Selamat datang di Progam Studi S1 Akuntansi Fakultas Ekonomi dan Bisnis Universitas Alma Ata

Universitas Alma Ata sebagai institusi pendidikan tinggi yang dirintis dan didirikan oleh para ulama dan para cendekiawan muslim yang mempunyai kepedulian dalam pembangunan bangsa Indonesia melalui penyelenggaraan pendidikan tinggi di bidang pendidikan. Untuk lebih melengkapi upaya Alma Ata dalam memberikan kontribusi terhadap pembangunan bangsa Indonesia dengan cara menyiapkan tenaga akuntansi yang profesional, mandiri, berjiwa enterpreneur dan berakhlak mulia, Universitas Alma Ata bermaksud menyelenggarakan Prodi S1 Akuntansi.

Mengapa harus bergabung menjadi mahasiswa Program Studi S1 Akuntansi Universitas Alma Ata (UAA) Yogyakarta????
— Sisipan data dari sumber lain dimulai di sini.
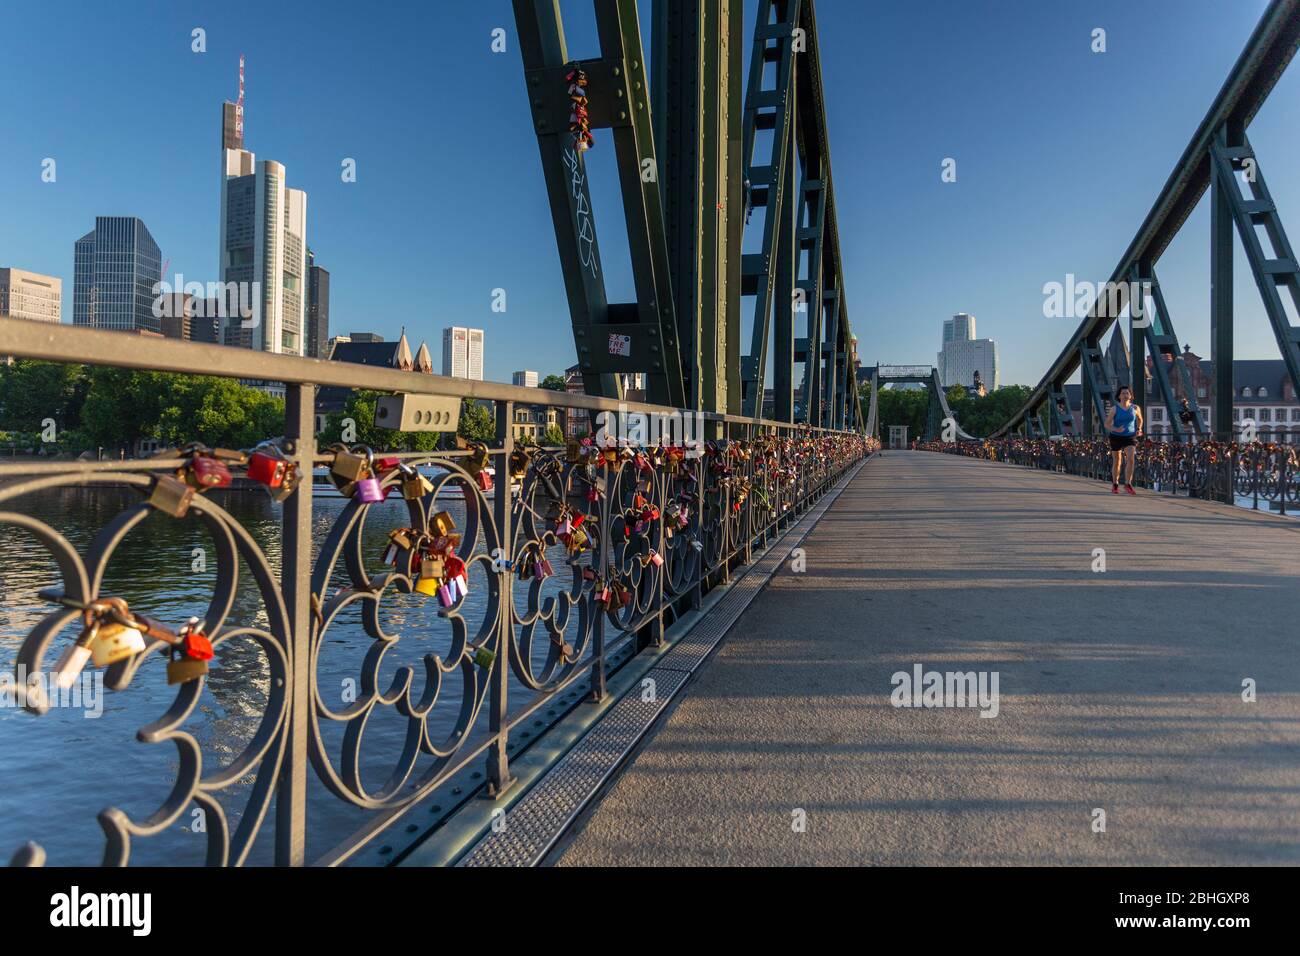 Un jogger en travers de Eiserner Steg pont de fer, à l'aube avec l'horizon de la ville de Francfort en toile affectueusement appelé love locks bridge Banque D'Images

Karir di Bidang Akuntansi akan lebih cerah di Perusahaan ataupun pada instansi pemerintahan karena disetiap unit bisnis apapun pasti membutuhkan tenaga akuntansi. Akuntansi itu sendiri merupakan suatu aktivitas jasa yang (mengidentifikasikan, mengukur, mengkalsifikasikan dan mengikhtisarkan) suatu kejadian atau transaksi ekonomi yang menghasilkan informasi kuantitatif terutama yang bersifat data-data berupa laporan keuangan yang digunakan didalam pengambilan keputusan. Melihat prospek tersebut, yaitu : kebutuhan akan tenaga akuntansi baik dibidang edukatif ataupun praktisi di masa yang akan datang sangat dibutuhkan. Universitas Alma Ata Yogyakarta merupakan institusi yang menjawab tantangan tersebut dengan menyelenggarakan pendidikan tenaga akuntansi dengan keunggulan pada Jaminan Mutu Pelayanan, sesuai dengan desain program menggunakan kurikulum terkini dengan metode pembelajaran dirancang untuk membentuk karakter mahasiswa sebagai seorang enterpreneur dan leader yang inovatif, dan berakhlakul karimah, sehingga lulusannya siap bersaing didunia kerja.

Study Banding

BANTUL, studi banding yang dilakukan oleh para dosen UAA menyangkut kurikulum atas prodi baru Akuntansi dilakukan oleh para dosen Akuntansi memiliki tujuan belajar kepada yang lebih pengalaman dalam pengelolaan prodi Akuntansi, dipilihnya UII dikarenakan UII saat memiliki akreditasi A, sehingga diharapkan akan meningkatkan pembelajaran melalui kurikulum yang dapat dikemas memenuhi standar KKNI pada UAA sesuai yang ditetapkan pemerintah. Studi banding yang dilaksanakan ini diterima secara langsung dengan kaprodi Akuntansi Bapak Dekar Urumsah,SE.,S.SI., MCom (S). Ph.D., dalam waktu kurang lebih satu jam setengah kami membahas antara lain kiat dan cara membangun kurikulum akuntansi yang sesuai dengan KKNI, namun dalam bidang Akuntansi saat ini belum disepakati kurikulum yang berbasis KKNI dengan kata lain membangun kurikulum prodi haruslah memenuhi kriteria prodi itu sendiri yang memiliki kekhasan tersendiri dalam prodi tersebut.

Study Tour BMT SIDO GIRI

BANTUL, Kunjungan study tour yang dilaksanakan di BMT SIDO GIRI memiliki nilai dan makna tersendiri bagi prodi Akuntansi, merupakan kunjungan pertama yang dilakukan prodi akuntansi bersama prodi gabungan antara lain prodi Ekonomi Syariah dan Perbankan Syariah, dimana tujuan dari study tour antar lain mempererat silahturahmi dengan BMT SIDOGIRI yang sudah terjalin pada kunjungan kunjungan yang dilakukan tahun sebelumnya juga menambah dan menggali ilmu dalam pengembangan dan membangun BMT syariah.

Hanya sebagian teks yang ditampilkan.